◆ **TASK DIRECTIONS**
Please retype the data below line for line and leave out every picture.

◆ **DATA EXCERPT**
[Start of Attachment]

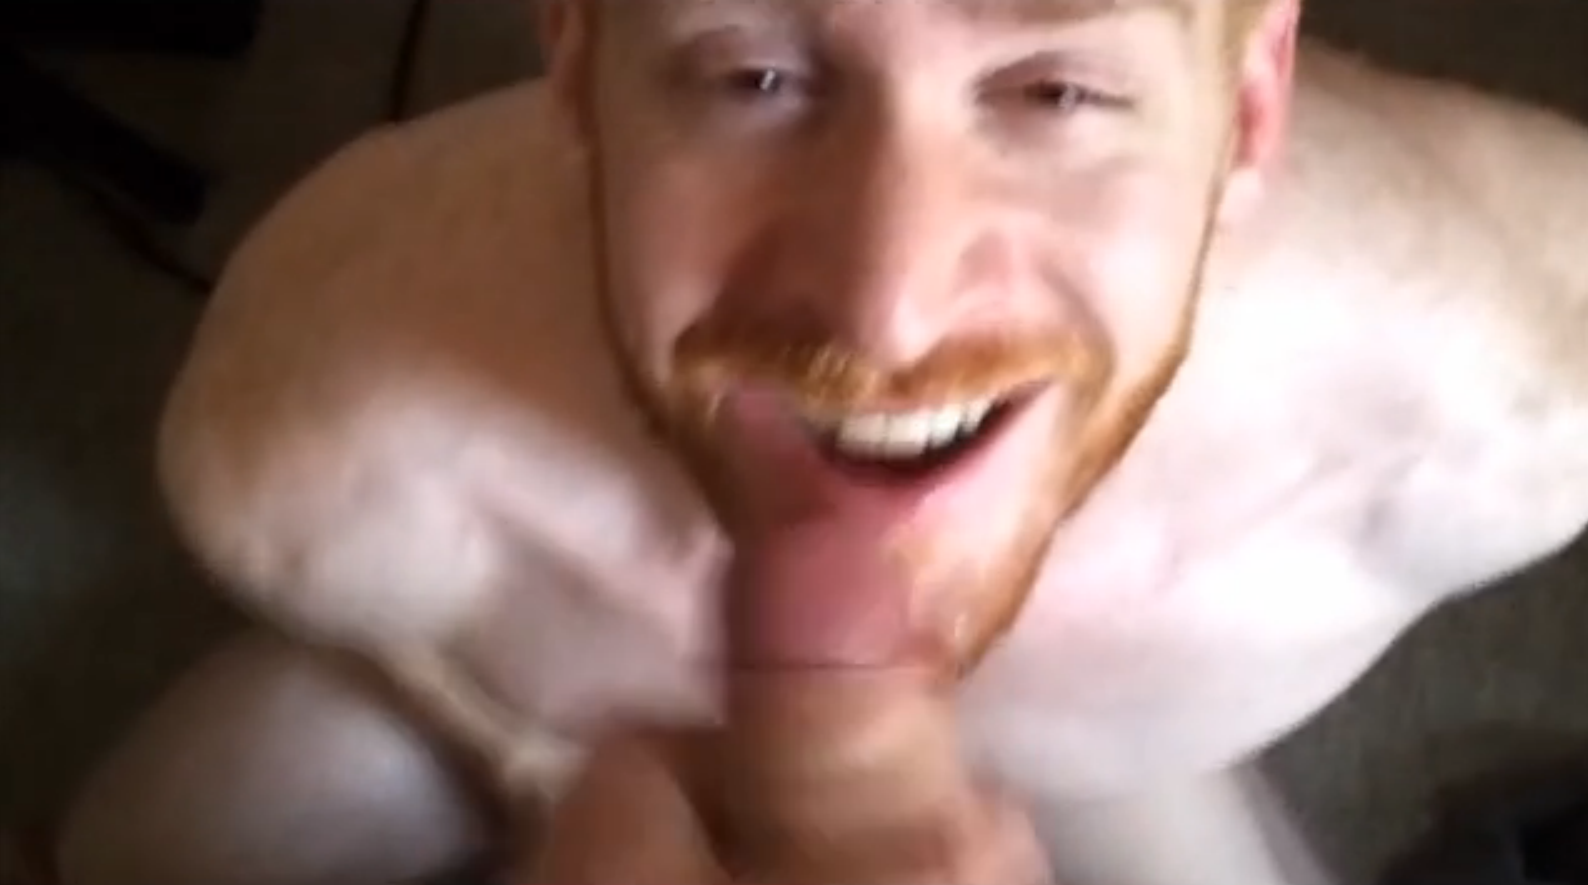 Ginger power bottom Leander in an amateur homemade sex tape with XTube user megahungdude.
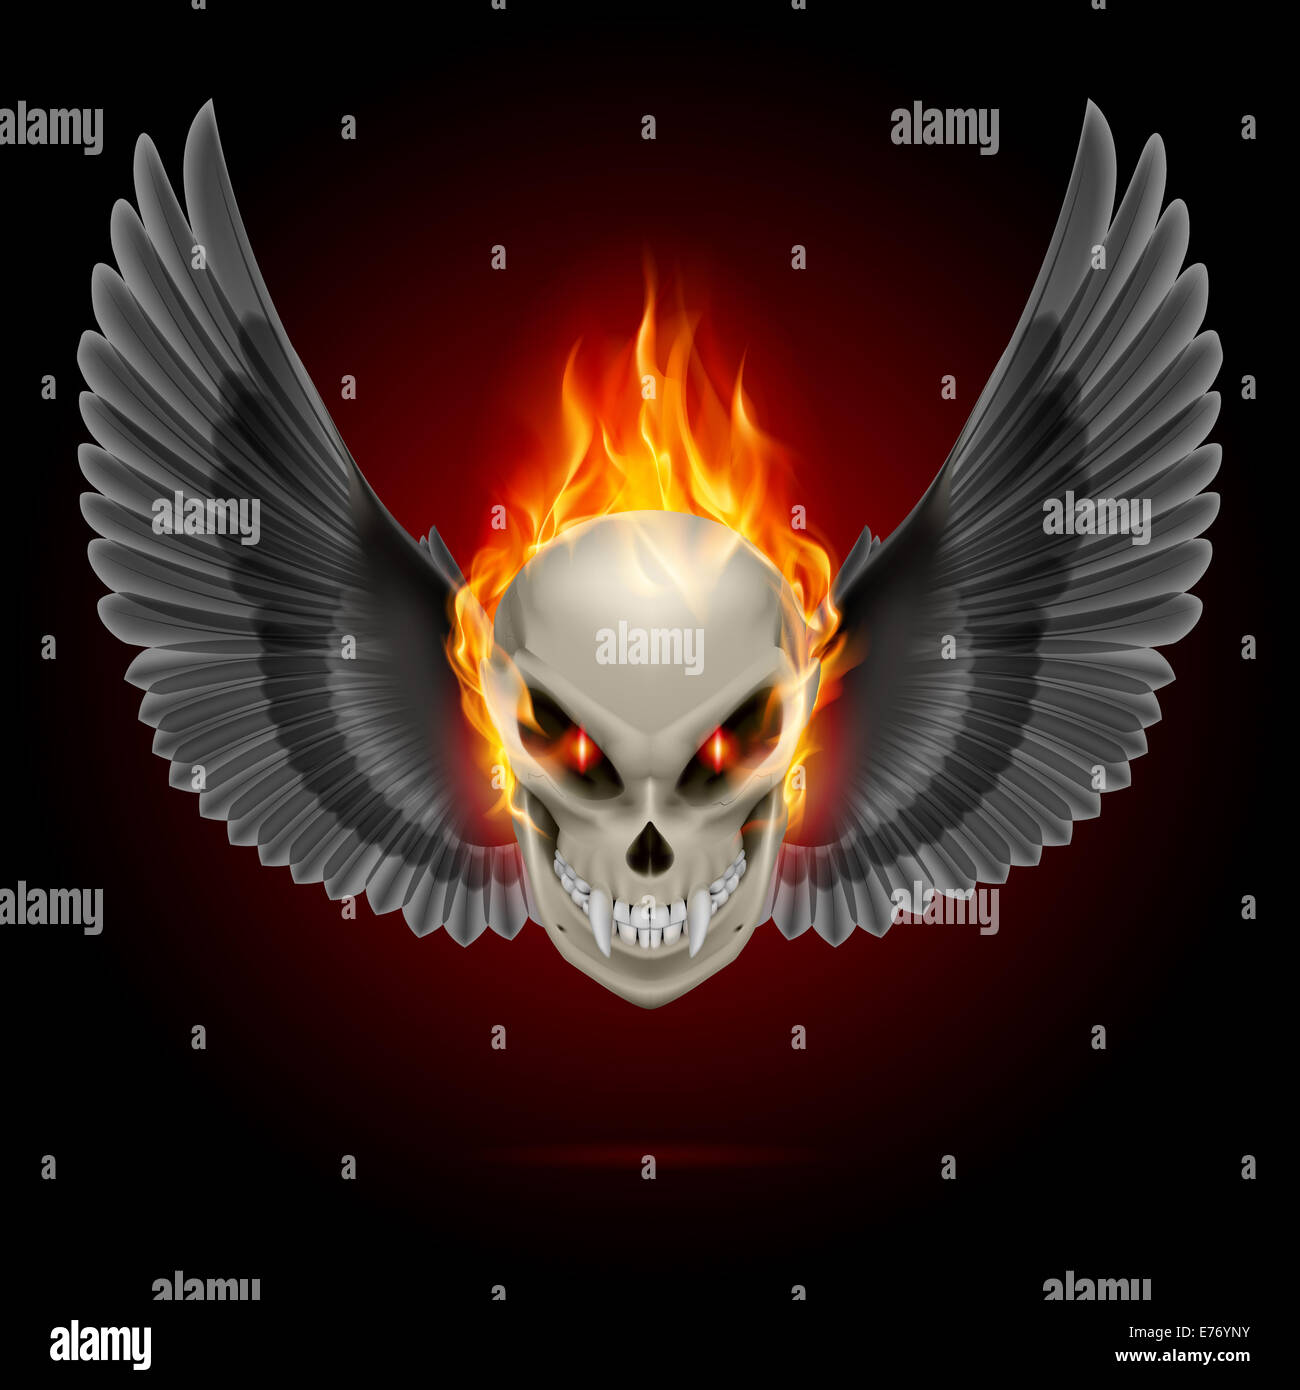 Mutant skull with long fangs, orange flame and black wings Stock Photo
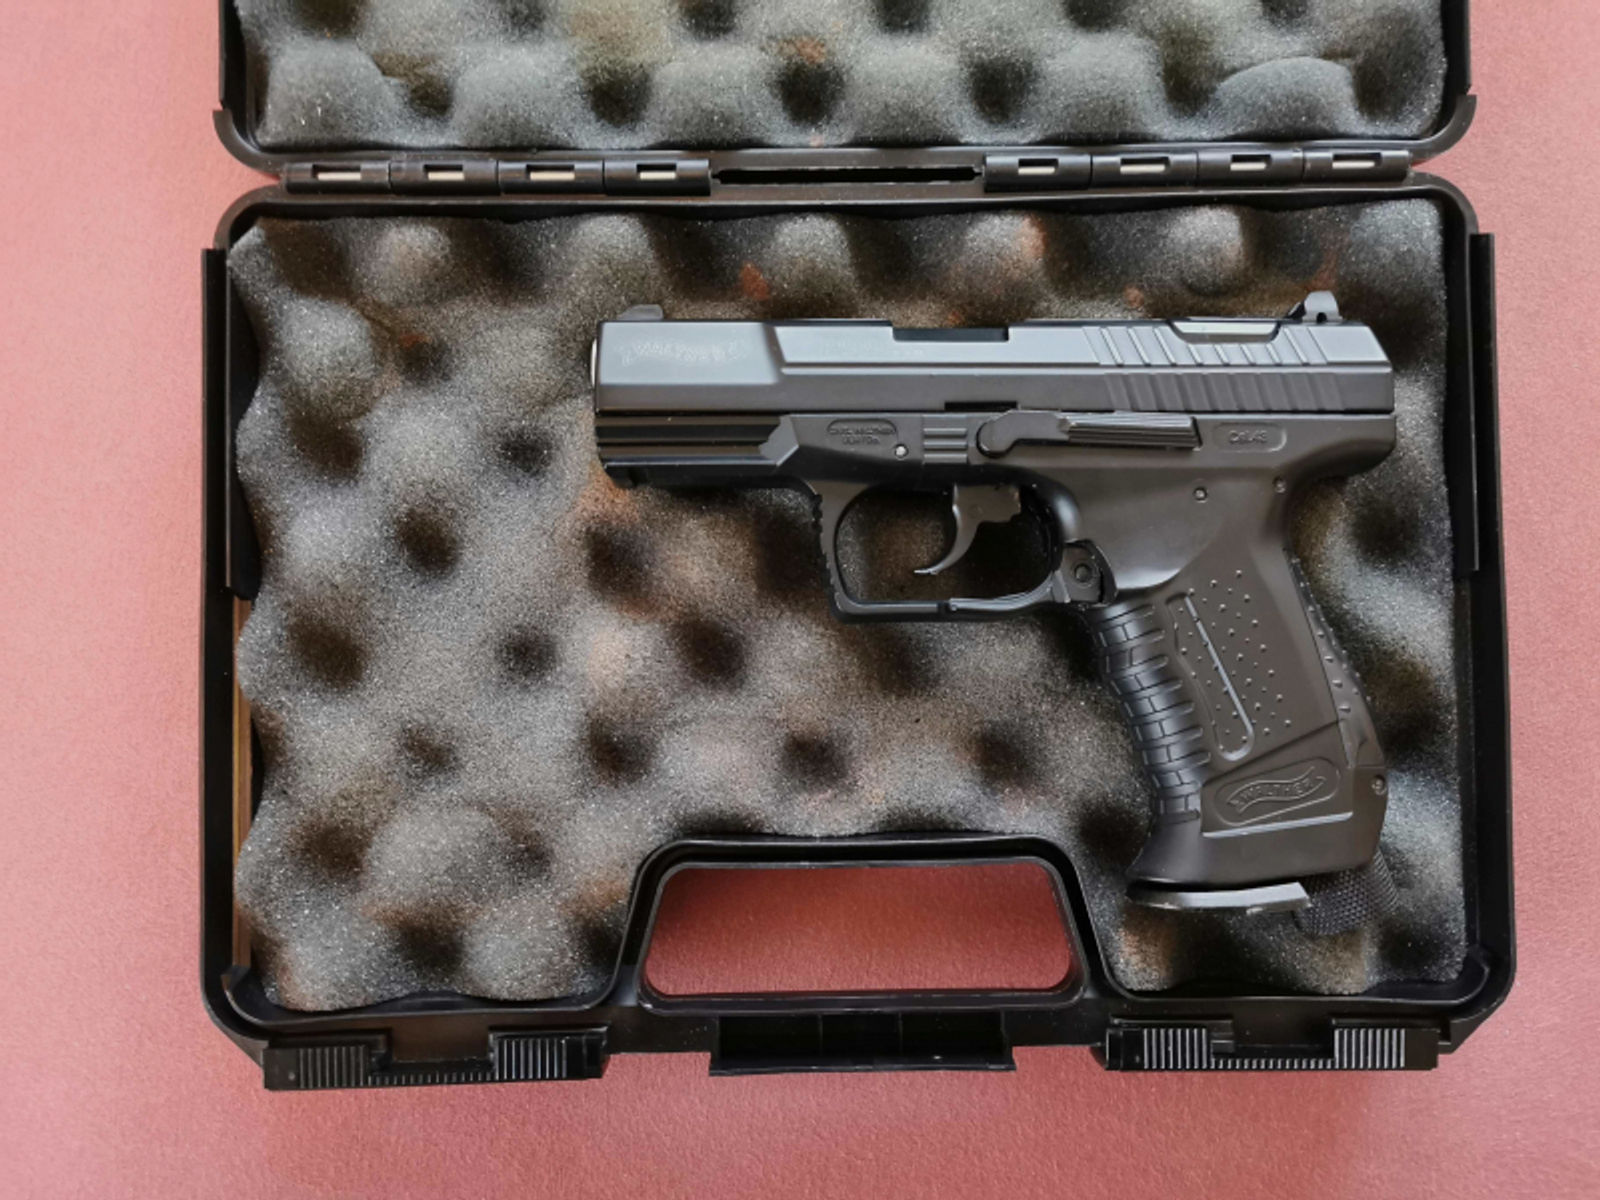 Pistole Walther P99 RAM

[End of Attachment]

◆ **ANSWER TO THIS TASK**
 Ginger power bottom Leander in an amateur homemade sex tape with XTube user megahungdude.
 Mutant skull with long fangs, orange flame and black wings Stock Photo
 Pistole Walther P99 RAM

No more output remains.